Background: Women with polycystic ovary syndrome (PCOS) often have insulin resistance (IR) which may be worsened by obesity. The roles of dietary intake and activity are unclear. Our objectives were to determine whether (a) high caloric intake or inactivity explains obesity in PCOS, and (b) dietary composition is associated with PCOS phenotypes.
Methods: Eighty-seven women with PCOS and 50 women without PCOS participated in this cohort study at a reproductive medicine center. Data collected included 3-day food and physical activity records, anthropometrics, and metabolic and hormonal assays.
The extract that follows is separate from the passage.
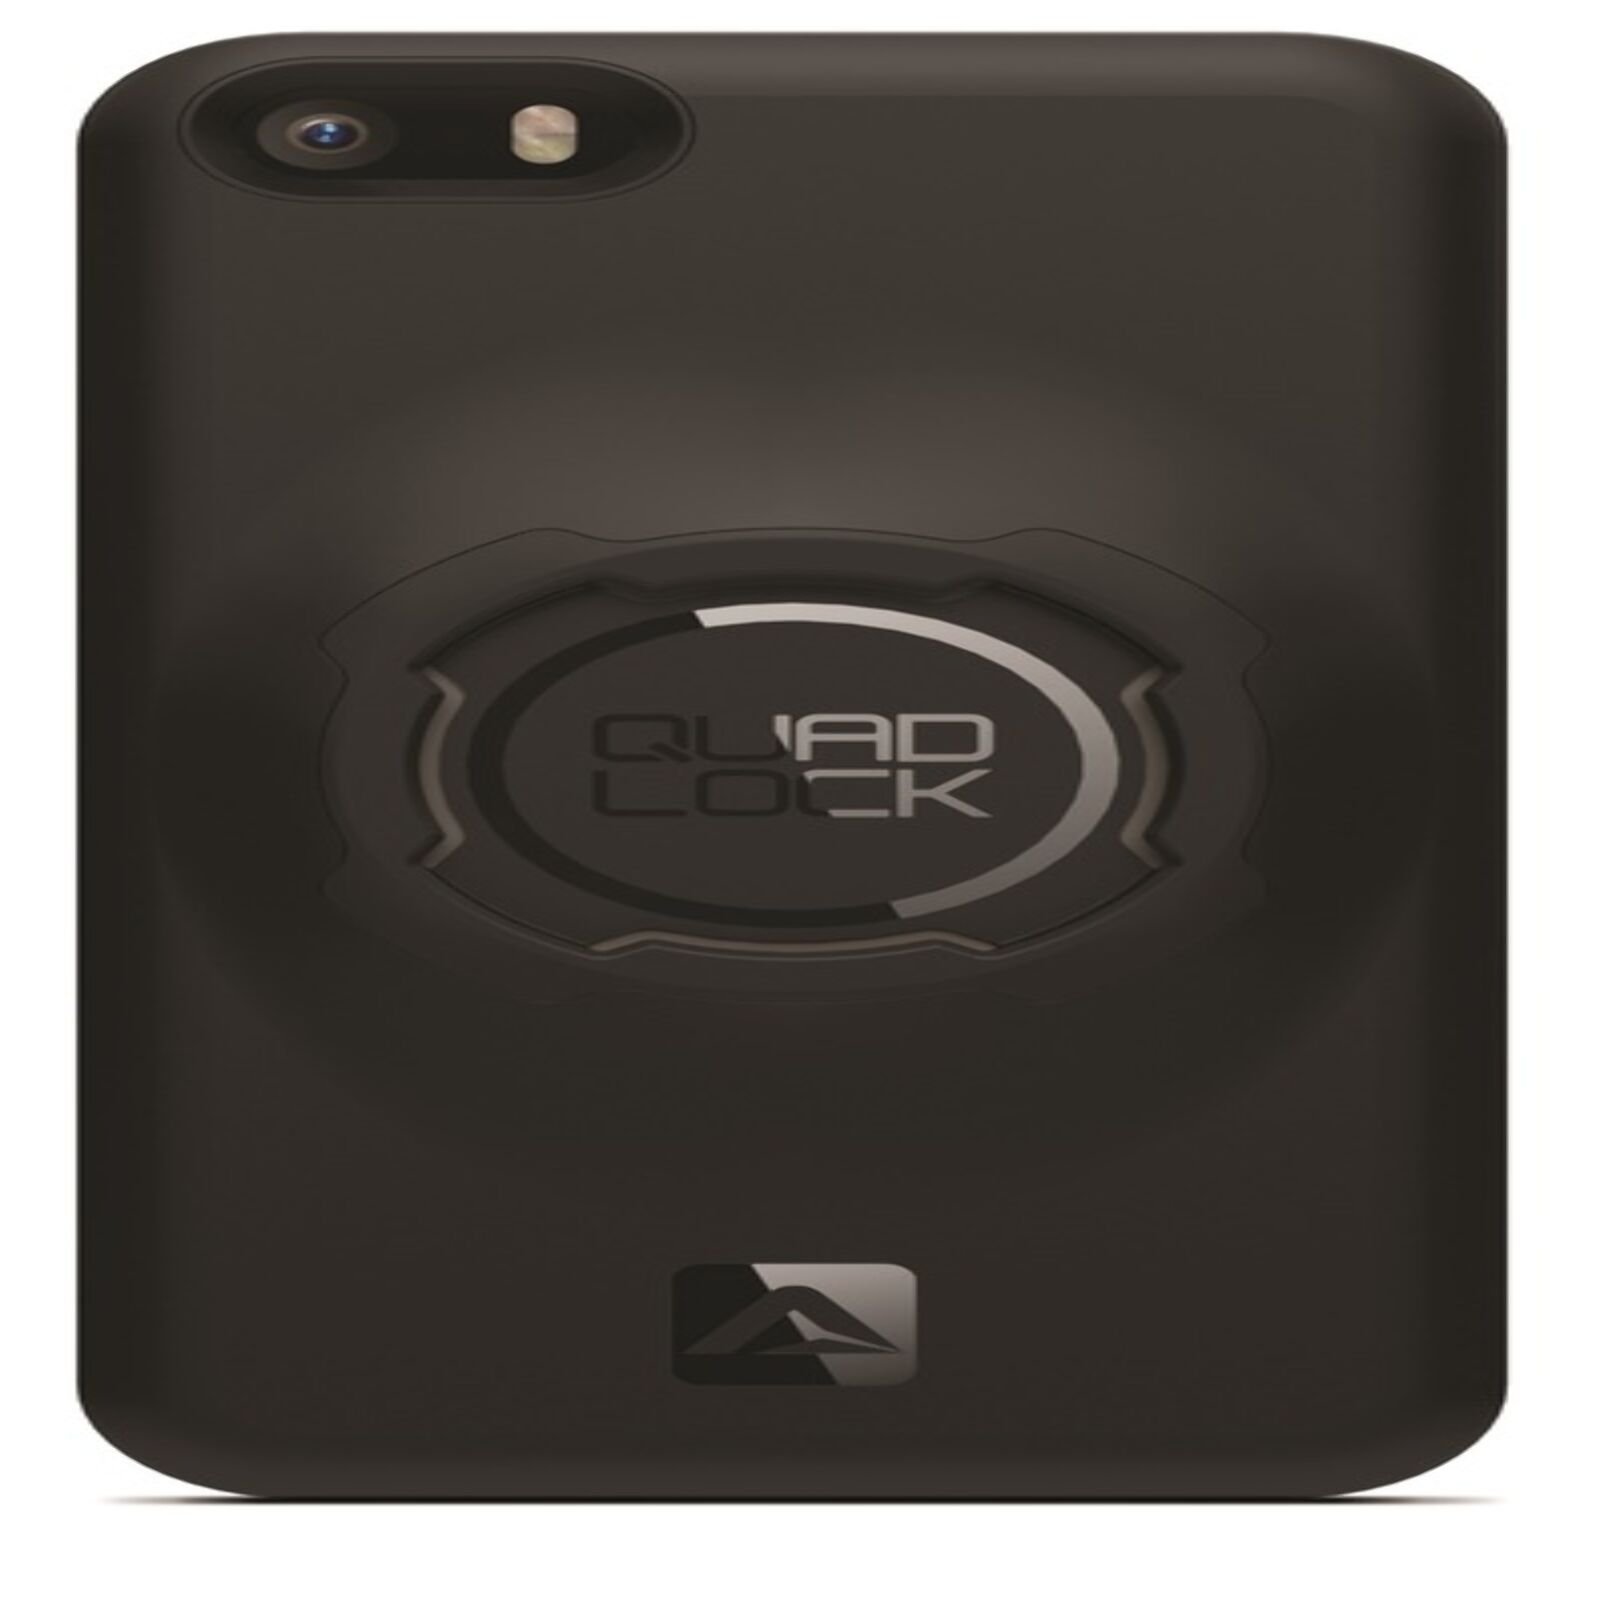 Obrázek produktu Pouzdro na telefon QUAD LOCK - iPhone 5/5S/SE (1. generace) QLC-IP5-B

Results: Women with PCOS had increased body mass index (BMI) but similar caloric intake and activity to women without PCOS. There were no differences in protein, carbohydrates, fat, or glycemic load consumption, but women with PCOS consumed less fiber (medians: 19.6 vs. 24.7 g) and less magnesium (medians: 238.9 vs. 273.9 mg). In women with PCOS, those with IR consumed less fiber, less magnesium, and greater glycemic load than those without IR (medians: 18.2 vs. 22.1 g, 208.4 vs. 264.5 mg, 89.6 vs. 83.5). Fiber intake of women with PCOS was negatively correlated with IR, fasting insulin, glucose tolerance, testosterone, and dehydroepiandrosterone sulfate. Magnesium intake was negatively correlated with IR, C-reactive protein, and testosterone, but positively correlated with HDL cholesterol. Fiber intake and BMI accounted for 54.0% of the variance observed in IR.
Conclusions: Obesity in women with PCOS could not be explained by overeating or inactivity. Increasing dietary fiber and magnesium intakes may assist in reducing IR and hyperandrogenemia in women with PCOS.
Keywords: PCOS; diet; hyperandrogenism; insulin resistance; lifestyle; obesity.